The availability of within-channel intensity cues for SRD raises the possibility that listeners could focus on a narrow-band area of the spectrum to complete the task. Thus, the task may not always depend on a listener’s ability to discriminate the spectral envelope shape. One way to reduce this possibility is to randomly vary the phase of the ripple envelope from trial to trial so that any within-channel cues are spread randomly across the spectrum (Anderson et al. 2011, Anderson et al. 2012). Experiment 2 was, therefore, designed to compare infant and adult SRD at 20 dB depth using this procedural modification: unlike Experiment 1 where the starting phase of the spectral envelope was fixed at zero degrees, in Experiment 2 starting phase was randomized across trials. Thus, within-channel cues were inconsistent and unpredictable across the spectrum. Although randomization of spectral envelope phase was not shown to affect mean SRD in adult CI listeners (Won et al. 2011), this has not been investigated in NH adults or in younger listeners. It was hypothesized that, with obscured within-channel cues, mean infant SRD at 20 dB depth would be poorer than mean adult SRD.

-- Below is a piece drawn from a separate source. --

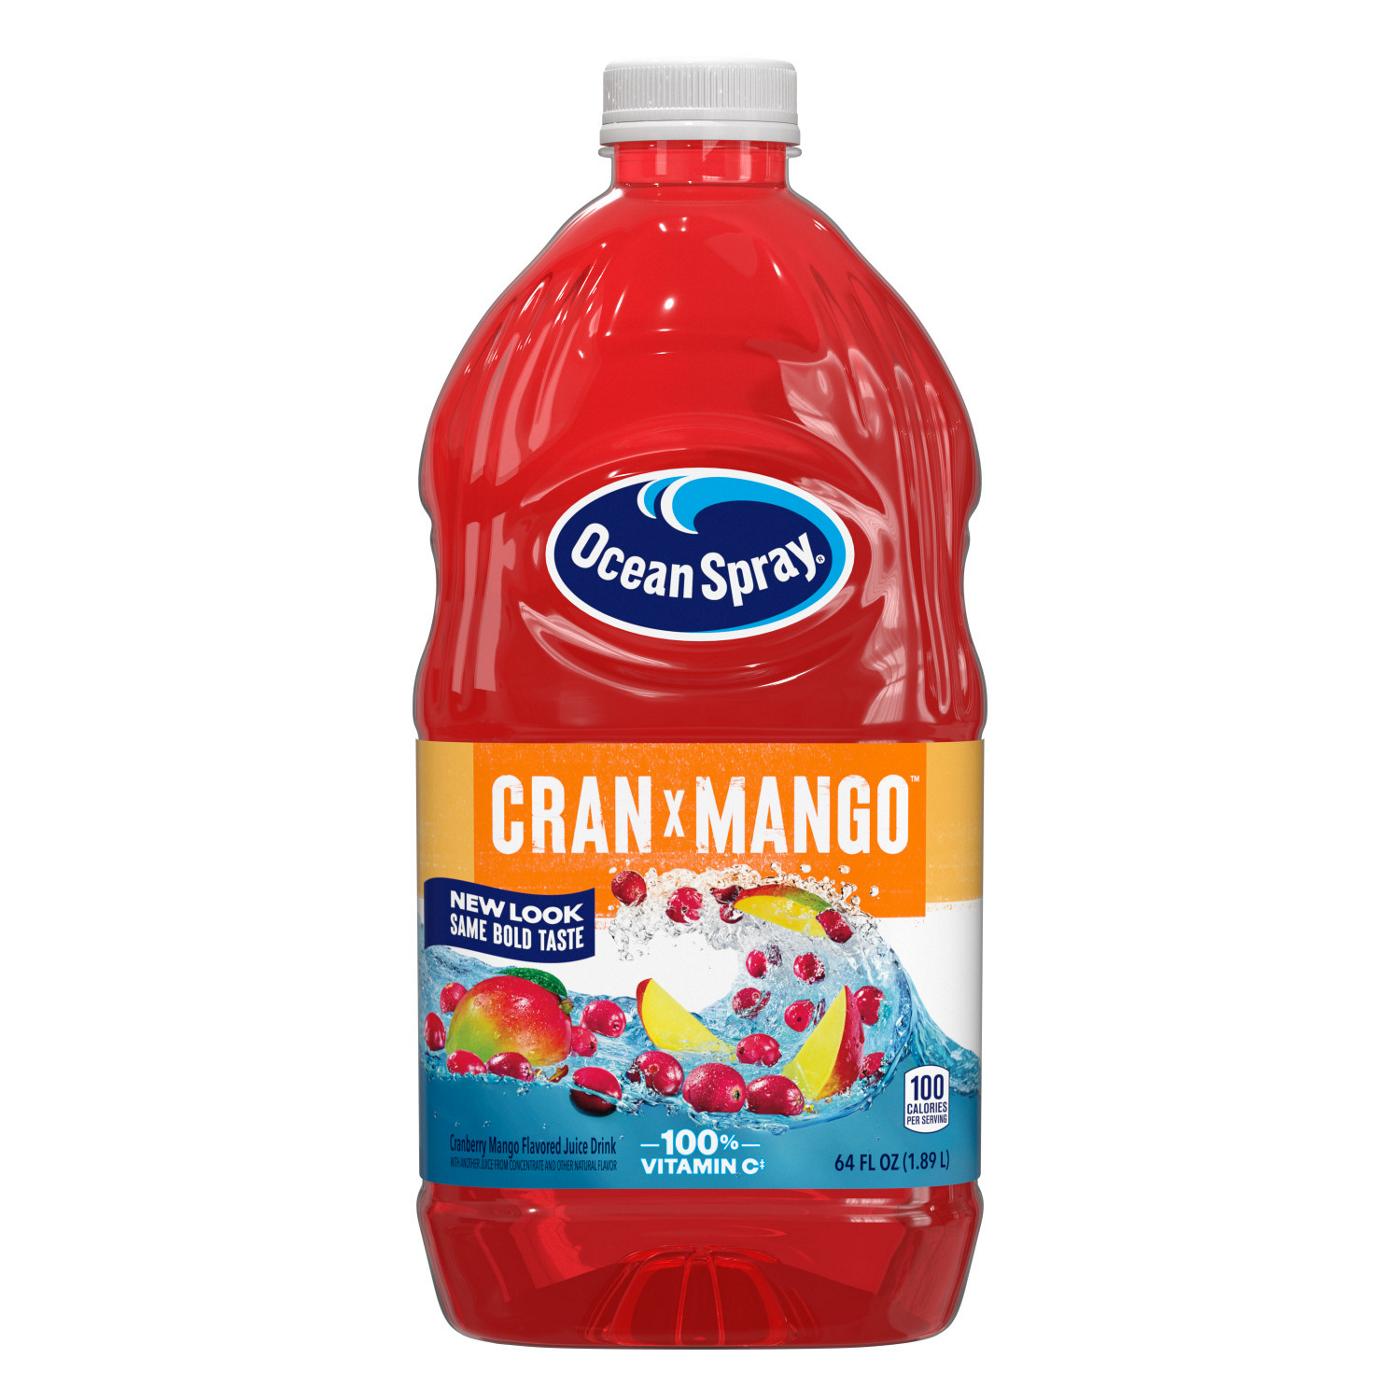 Ocean Spray Cran-Mango Juice Drink; image 1 of 6

EXPERIMENT 2 - Effect of Starting Phase Randomization and Age on SRD

Materials and Methods

Participants

Twenty-two 7-month-old infants and 16 young adults were initially recruited. Inclusion criteria and tympanometric screening were identical to Experiment 1. Infants were tested over 3 visits and 10–14 days and adults tested at one visit. Twelve infants (2 due to failed tympanometry, 3 due to experimenter error, and 7 due to failure to complete scheduled visits) and two adults (both due to experimenter error) were excluded leaving 10 and 14 participants in each age group respectively.

Stimuli

Stimuli were constructed from 1s wide-band noise carriers just as in Experiment 1 with one important difference. Instead of using a constant starting phase of 0 radians, standard ripple starting phases varied from 0 to 2π radians. Inverted ripple starting phases were equal to the corresponding standard starting phase plus π/2 radians. Standard and inverted ripples were concatenated to create change stimuli, and stimuli were filtered and ramped as in Experiment 1. Sets of 10 change and 10 no-change stimuli, each with randomly generated noise carrier and starting phases, were created with ripple densities ranging from 0.5 ripples per octave to 45 ripples per octave in steps of 1.414 ripples per octave. Ripple peak-trough depth was set at 20 dB.

Procedure

Subjects were tested using the same procedure and setup as in Experiment 1. Individual SRD thresholds were determined as described in Experiment 1.

Results

SRD thresholds of individual infants tested with random starting phase are shown in Figure 5. Similar to infants tested with constant starting phase at 20 dB depth in Experiment 1, all but one infant performed above chance as previously defined. However, infant performance tended to be poorer than adults. Mean SRD threshold as a function of age group for both the constant-phase (20 dB depth from Experiment 1) and randomized-phase conditions are shown as data bars in Figure 5. As described previously, mean infant and adult SRD thresholds were not significantly different at 20 dB depth in the constant-phase condition. In contrast, infant mean SRD performance was significantly poorer than adults in the randomized phase condition. Levene’s test did not reach significance [F(23) = 3.278, p > 0.05] and the equal variance independent samples 2-tailed t-test reached significance [t(23) = −2.056, p = 0.049, cohen’s d = 0.772].

Figure 5.

Figure 5

Mean spectral ripple discrimination (SRD) threshold as a function of age group with random versus constant spectral envelope starting phase. Error bars indicate 1 standard deviation from the mean. Individual thresholds are shown with up to 5% jitter to highlight overlapping values. * Indicates significant effect of age, Independent Samples t-test, 2-tailed p = 0.049.

Discussion

Given that infant frequency resolution, and therefore steepness of the SMTF, should be adult-like (Olsho et al. 1987, Schneider et al. 1990, Spetner and Olsho 1990), the finding that infant SMTF appeared steeper than adults in Experiment 1 requires explanation. In Experiment 2, we explored the possibility that variability in infants’ sensitivity or attention to within-channel cues at 20 dB depth led to the observed interaction. Although such cues were equally available at lower ripple depths, it may be that non-spectral cues become more salient (and therefore used by some listeners) for the higher ripple densities perceived at 20 dB depth (Anderson et al. 2011, Anderson et al. 2012).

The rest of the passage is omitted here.